The problem with waiting until after acceptance, IMO, is that you’ll have the same lack of motivation with the applications and essays. Please just schedule a visit and make him go. He may have a fear of the unknown, but once he sees kids like himself doing well and happy, it may motivate him to start taking some ownership in the process.
OP said they both worked on the application list and the son took off the pricey reaches.
He seems invested in the process, just doesn’t want to visit at this time for some reason.
So maybe he just needs some time, or when it is time to apply, getting acceptances might make the decision process real to him.

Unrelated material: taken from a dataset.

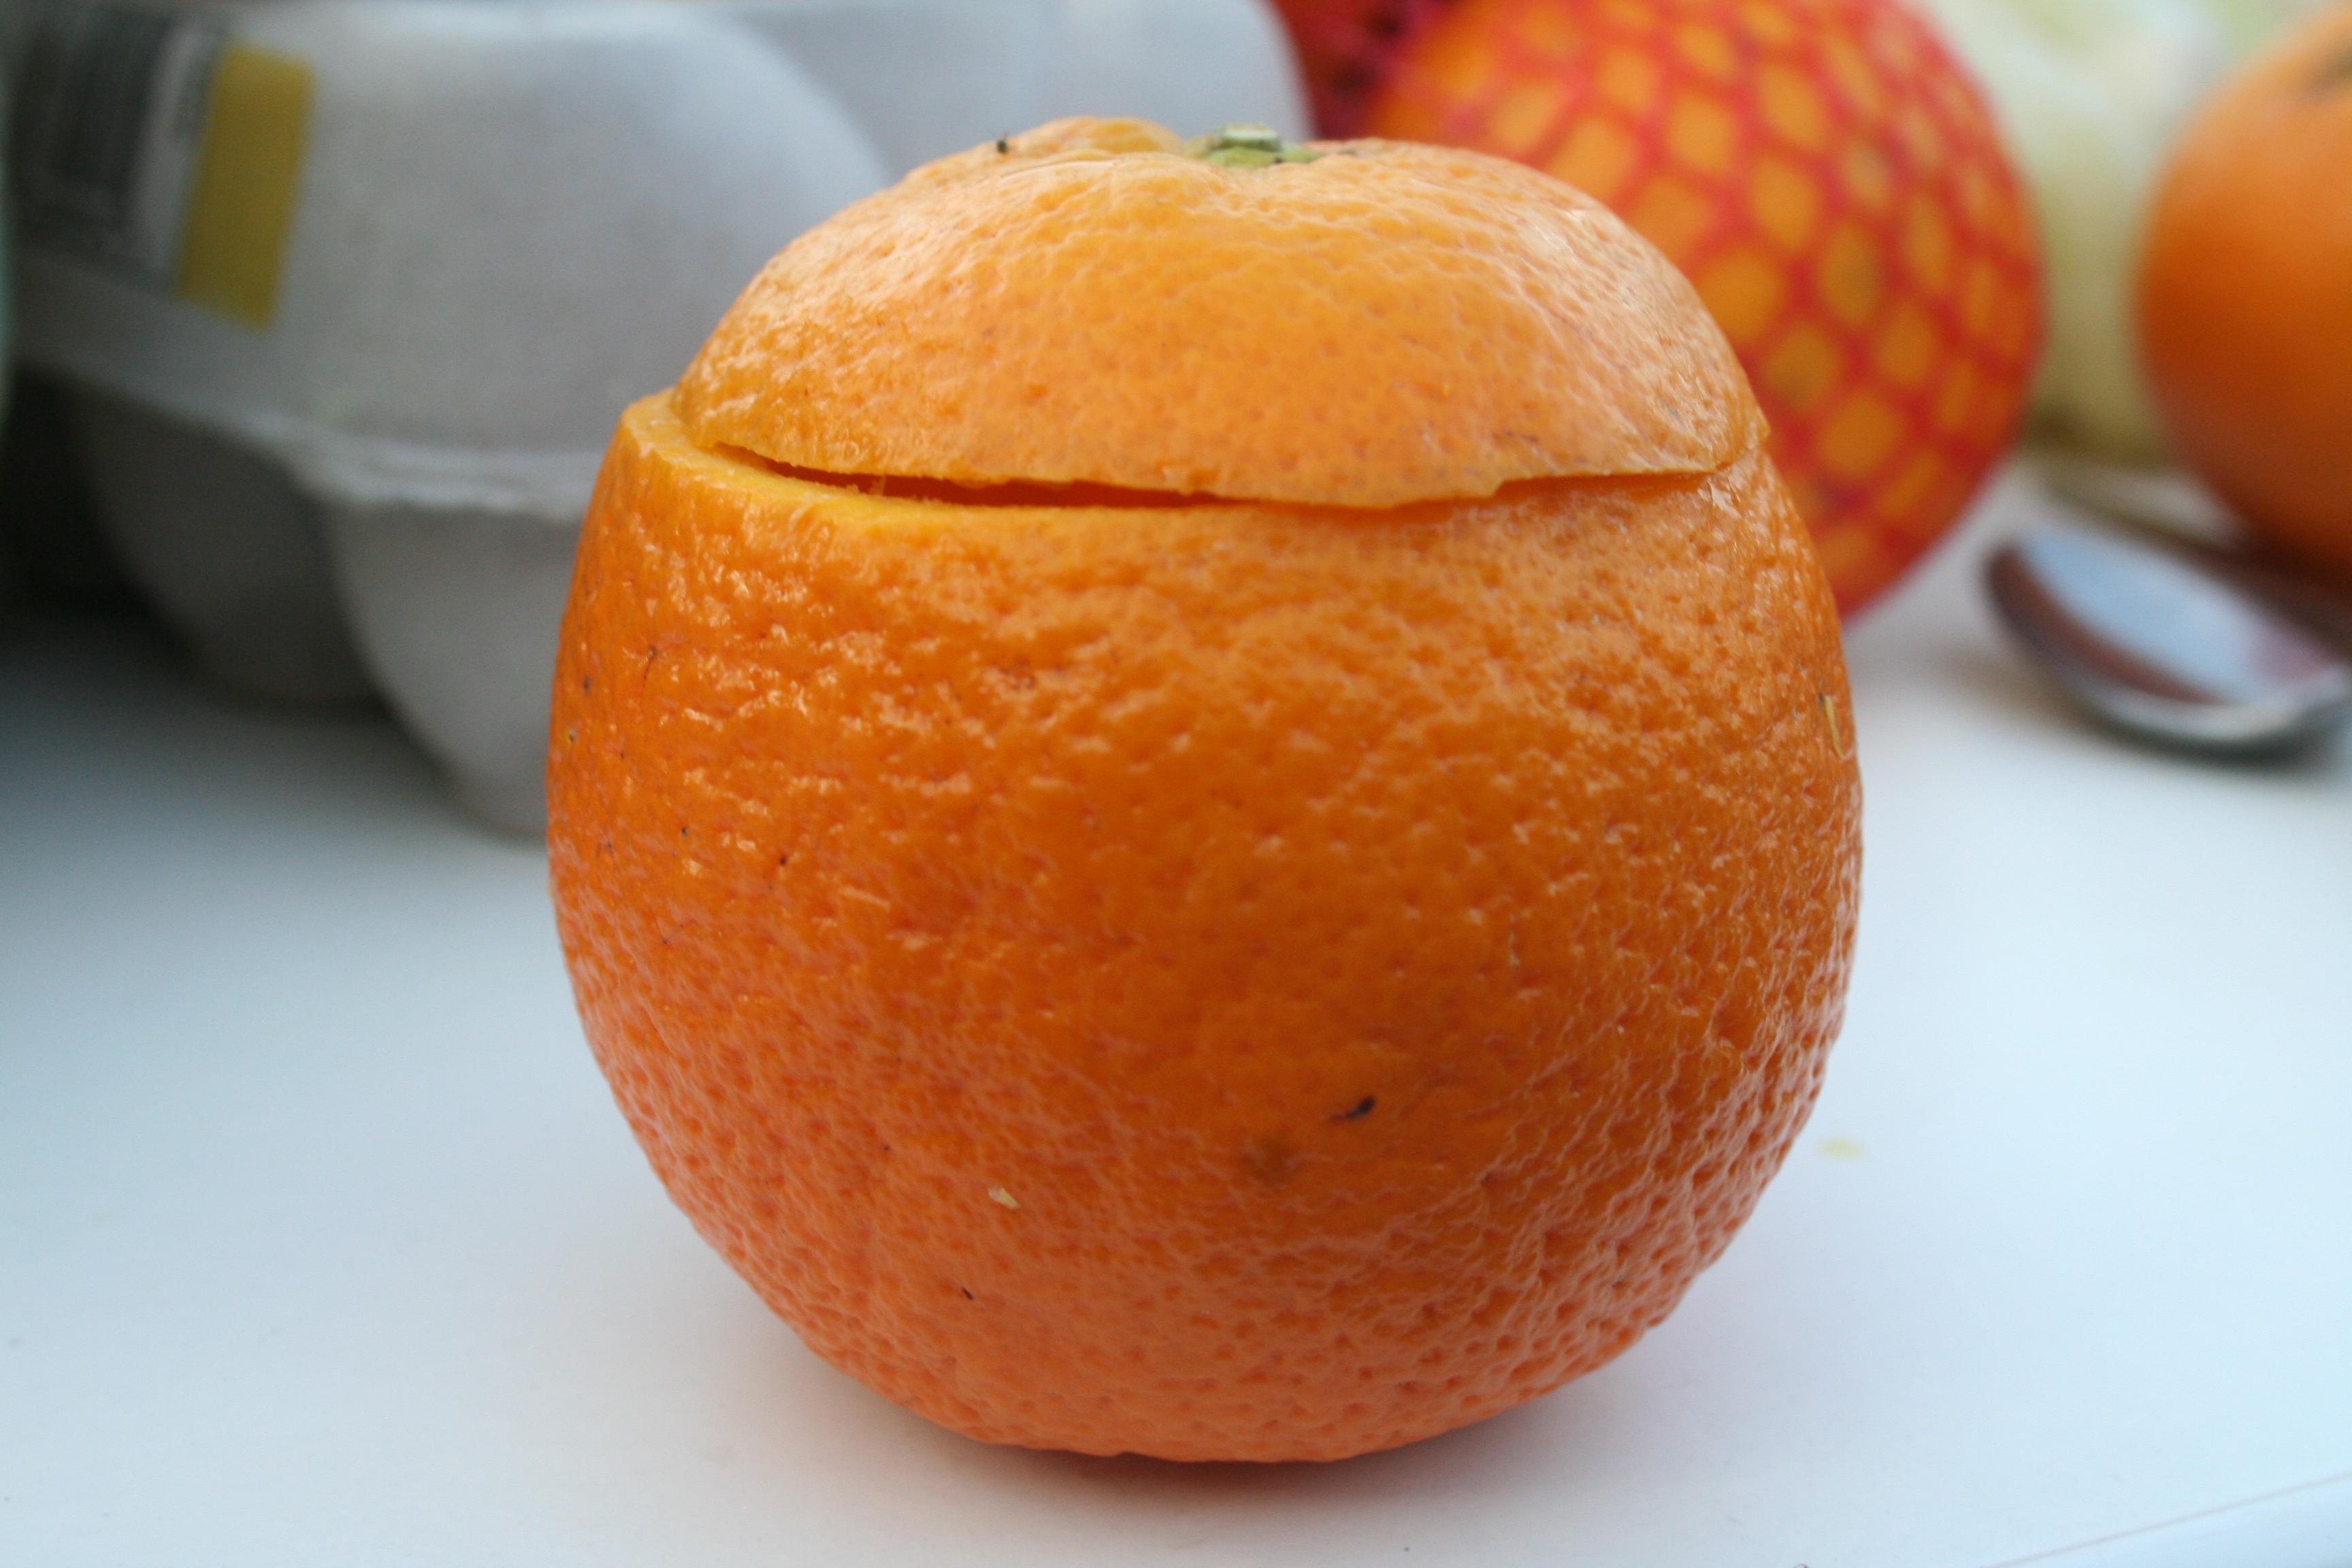 Picture of Preparing the Orange

My son was very much the same way. He wanted to go to a 4 year school and not live at home. I put together a list, he went through it and we visited a few. He was recruited by one small LAC, so he was motivated to see that and that helped him realize he wanted something bigger. We did a couple of state schools close by over the summer between junior and senior year, then accepted student days after he was accepted. He was much more motivated then because he knew he had to decide. He ended up at a state school where he’s very happy. Not everyone needs to visit a ton of schools and agonize!
@jazzymomof7 we’ve taken S18 on college visits, he’s been to college camps, he’s applied and been accepted, and he is still uninterested in making a decision. I’ve given him a deadline because he just doesn’t work well without one. I share your frustration!
What schools on the list are within driving distance?
I’m getting a head start with my two younger DDs. We did a day trip to Austin, stopped at Buc-ee’s for fudge, and drove around the UTx campus. I pointed out that it was a great school, nice city, students looks relaxed, and the university close but not too close to home. I don’t think they would even call it a college visit.
Has your kid actually never set foot on a college campus?
If the nearest school is within an hour’s drive, it may be useful to look at events on campus he may be vaguely interested in. Look at their website for any plays, lectures, art exhibits, museum showings, robotics competitions, or sports events that dovetail with his personal interests. My kid was not interested in visiting colleges until I took him to a play at our nearby state school. I studied the campus map ahead of time, then we got there an hour early and used that time to drive around, then got to the theater early enough to talk to the professor and several of the students who had done tech.
Being physically present on campus helps demystify things, and meeting actual students who are relatively friendly and interested in the same things your kid is interested in can make a difference. I encourage campus visits. I didn’t give the kid a choice the first time in.
My husband didn’t come with us for the first 5 campus visits we made. He started to come along on the more recent ones. He now has some strong opinions about which school the kiddo should apply to.
Well, you should tell your son to show interest or pay for college himself! That is what I did. My son is COMPLETELY interested in college because he knows he can’t afford it himself. You have the power hear darling.